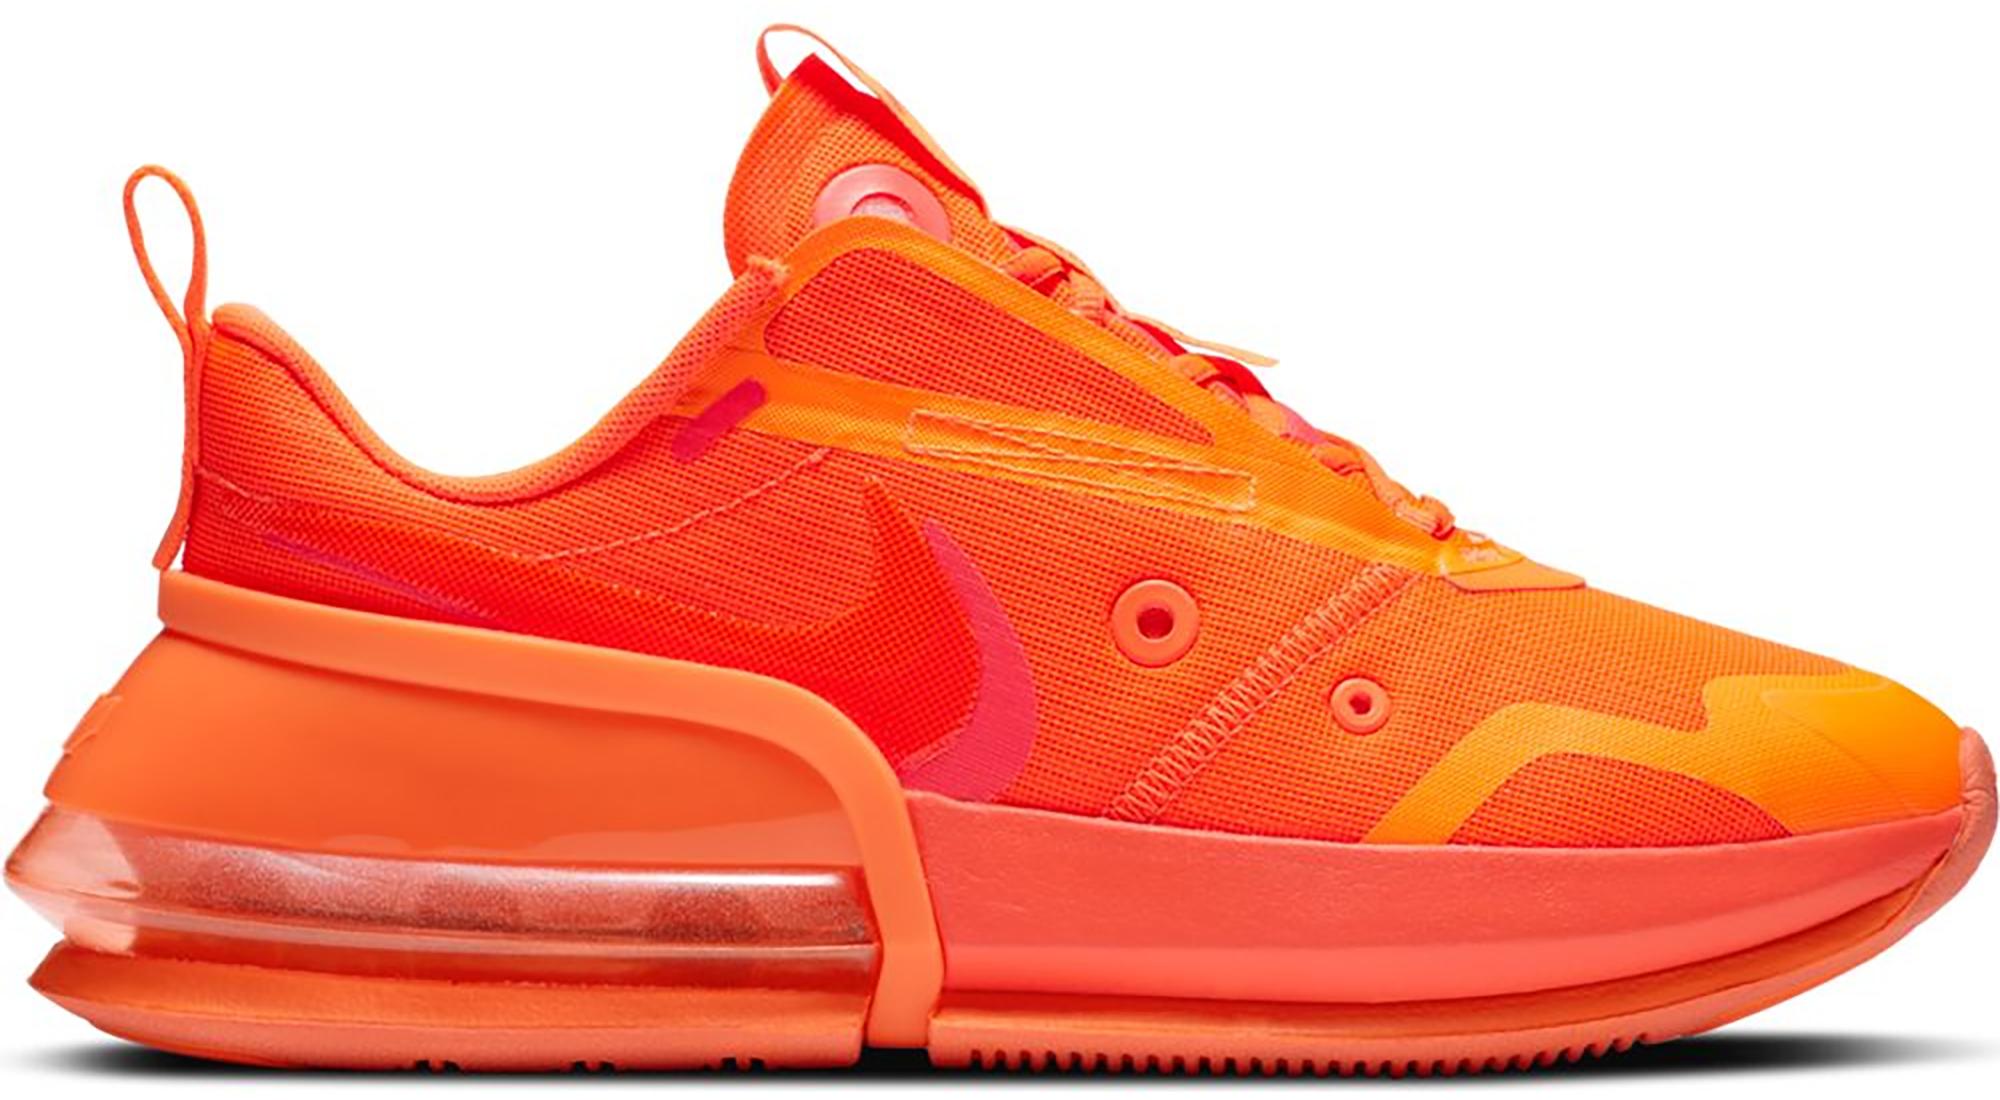 Nike Air Max Up Hyper Crimson Total
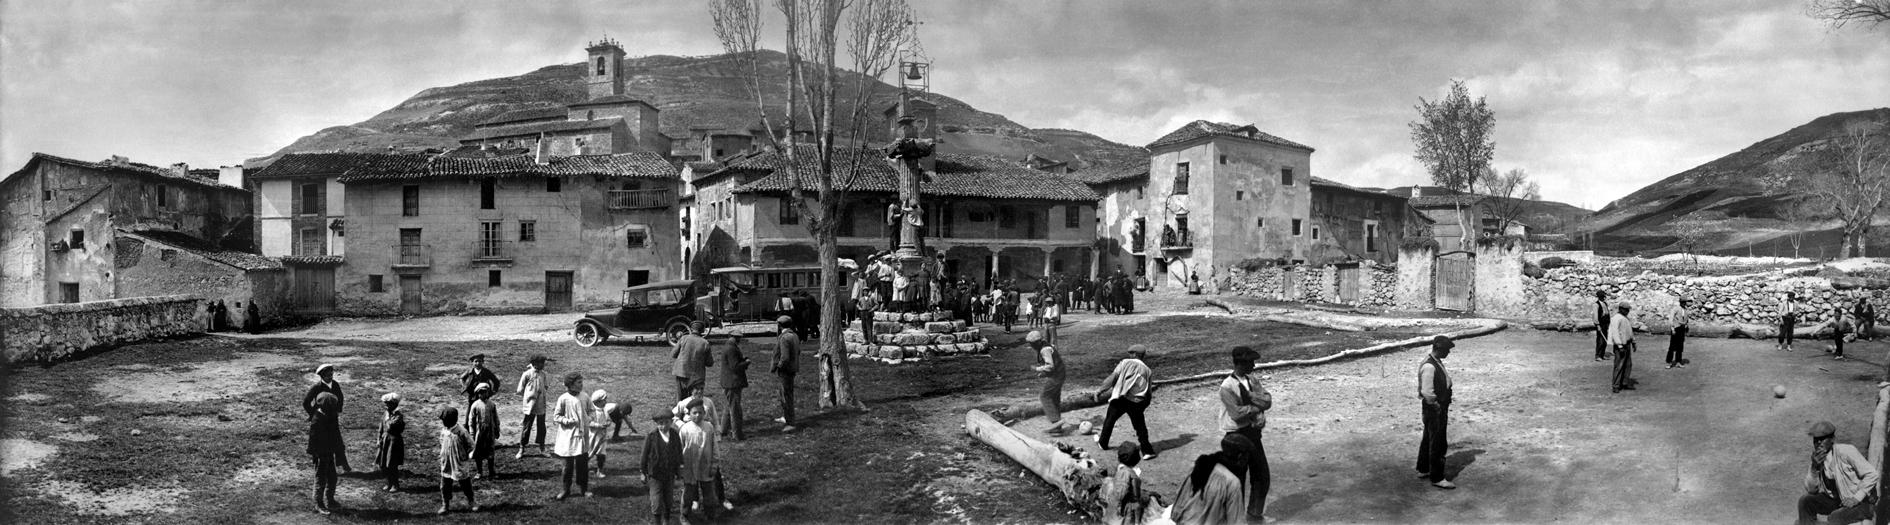 Lupiana (Guadalajara). Plaza Mayor. Octubre de 1921. Archivo Regueira. Filmoteca de Castilla y León. ©Derechos reservados.
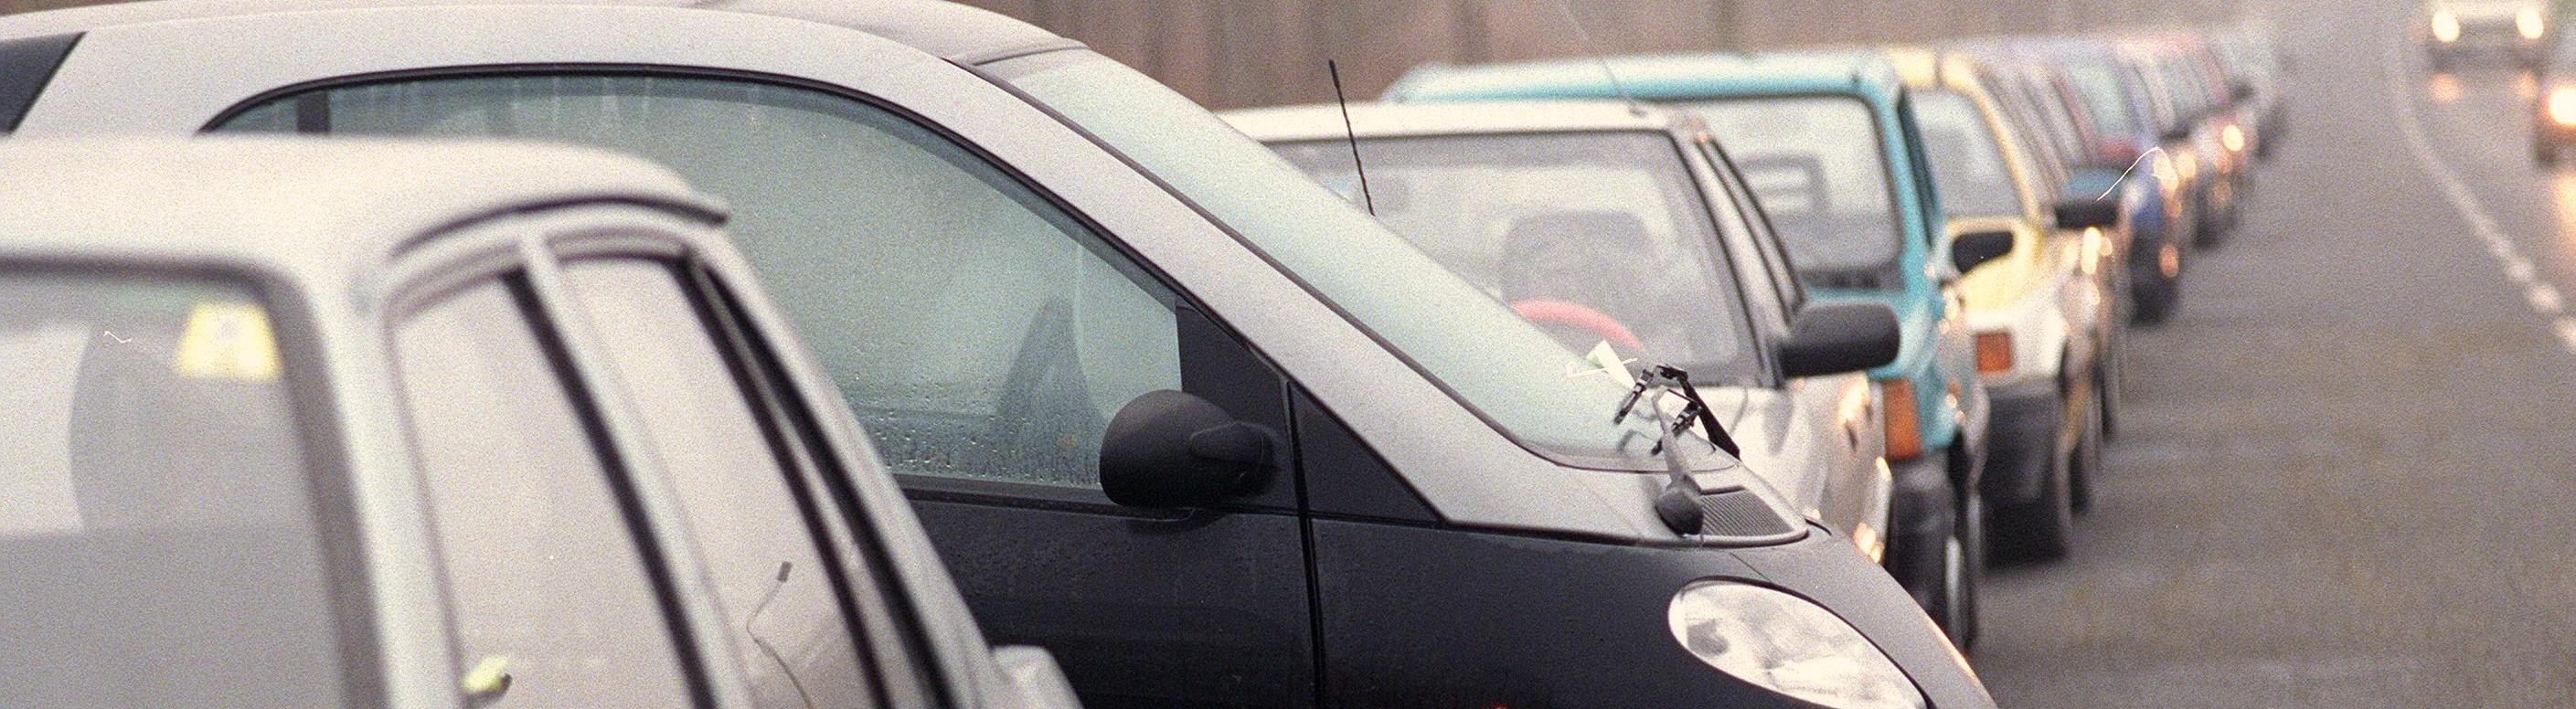 Autos in einer langen Reihe geparkt
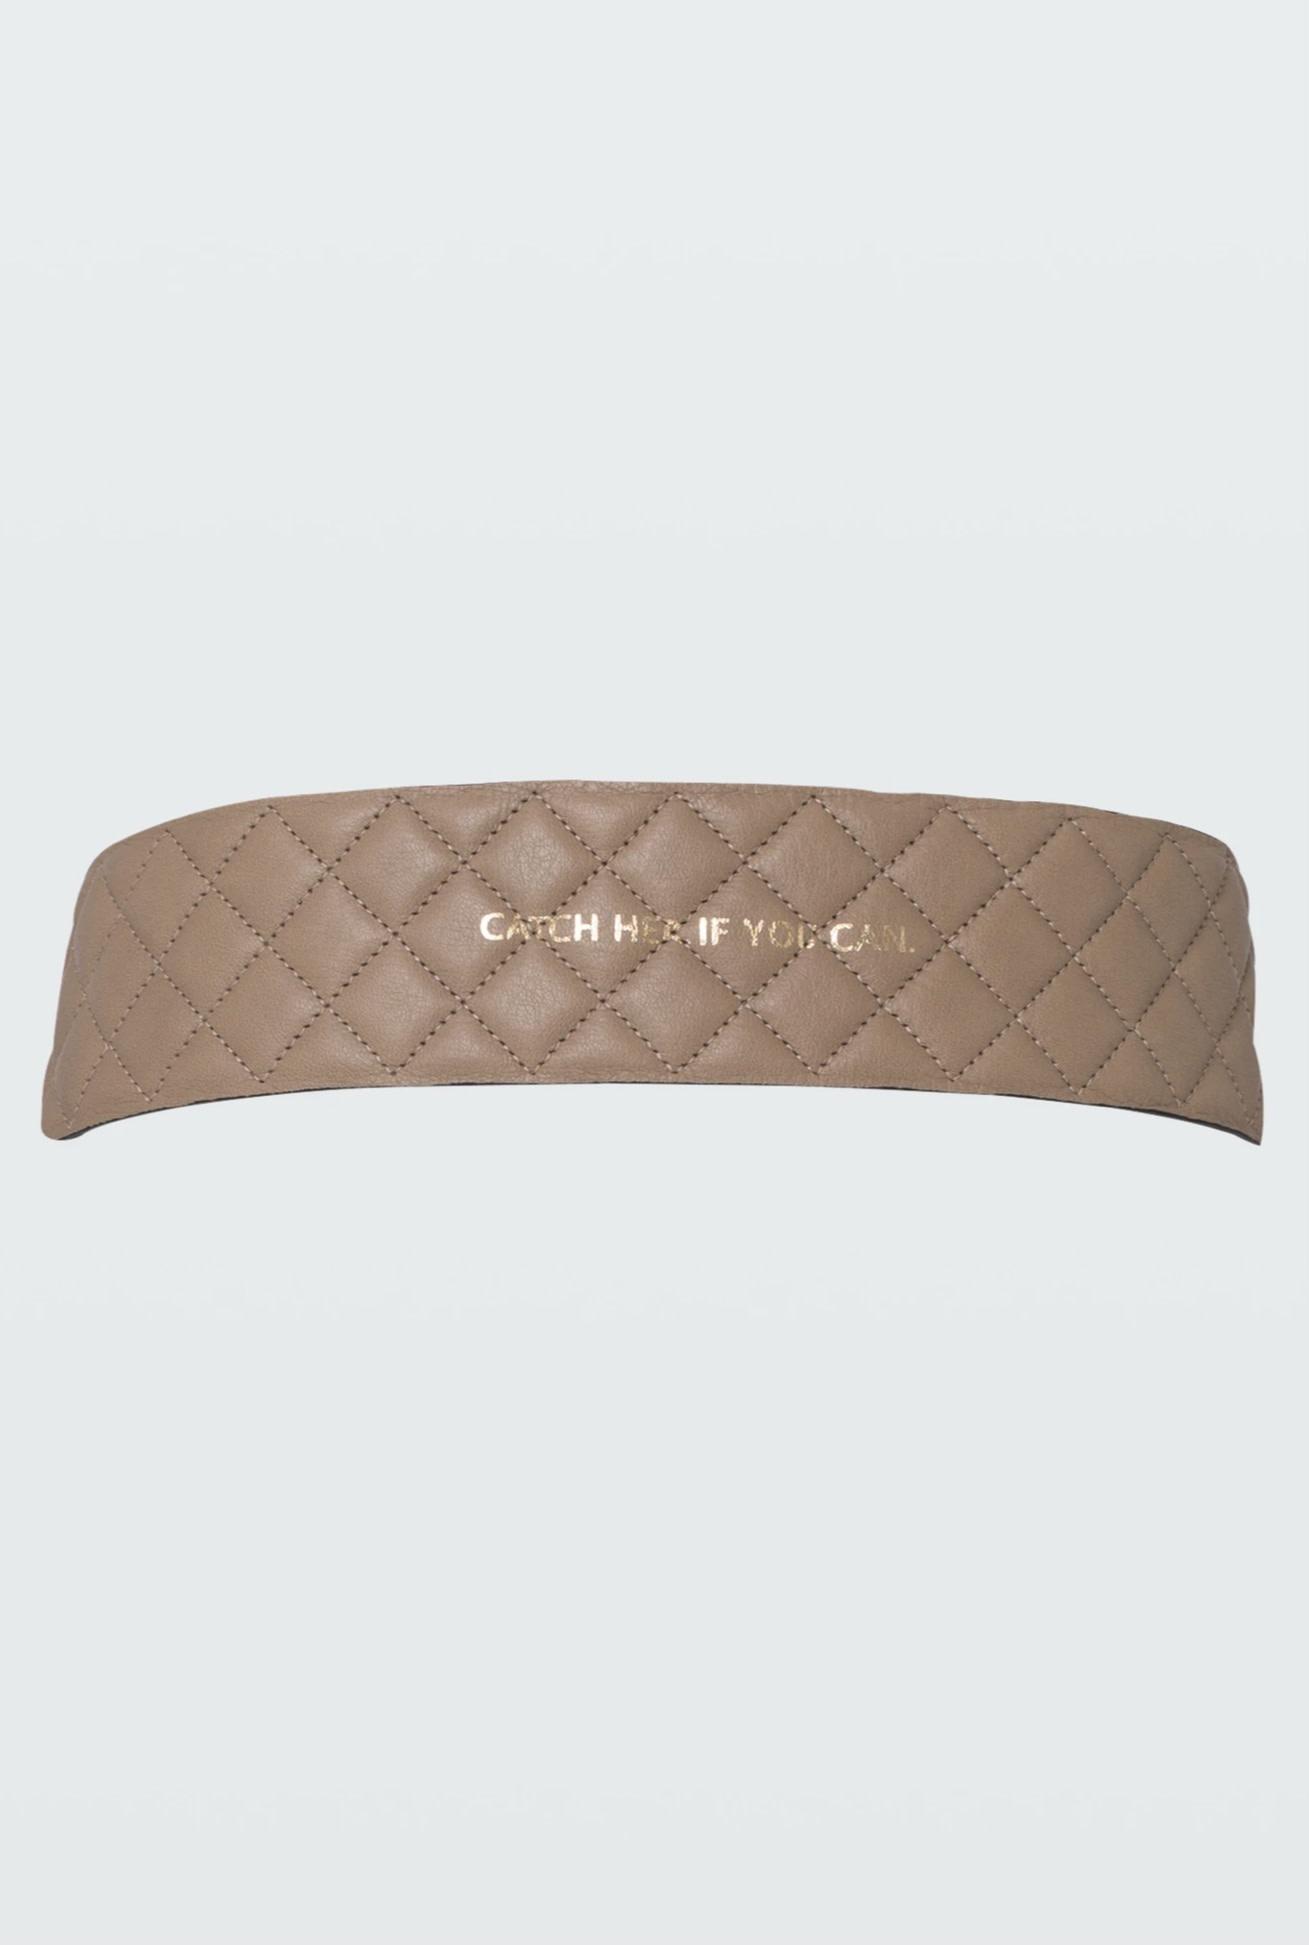 Stitch sensation belt dorothee schumacher-7

What to do:
Once the line containing "Autos in einer langen Reihe geparkt" is found, transcribe it and the rest of the lines to the end of the listing above exactly, omitting all pictures.

Answer box:
 Autos in einer langen Reihe geparkt
 Stitch sensation belt dorothee schumacher-7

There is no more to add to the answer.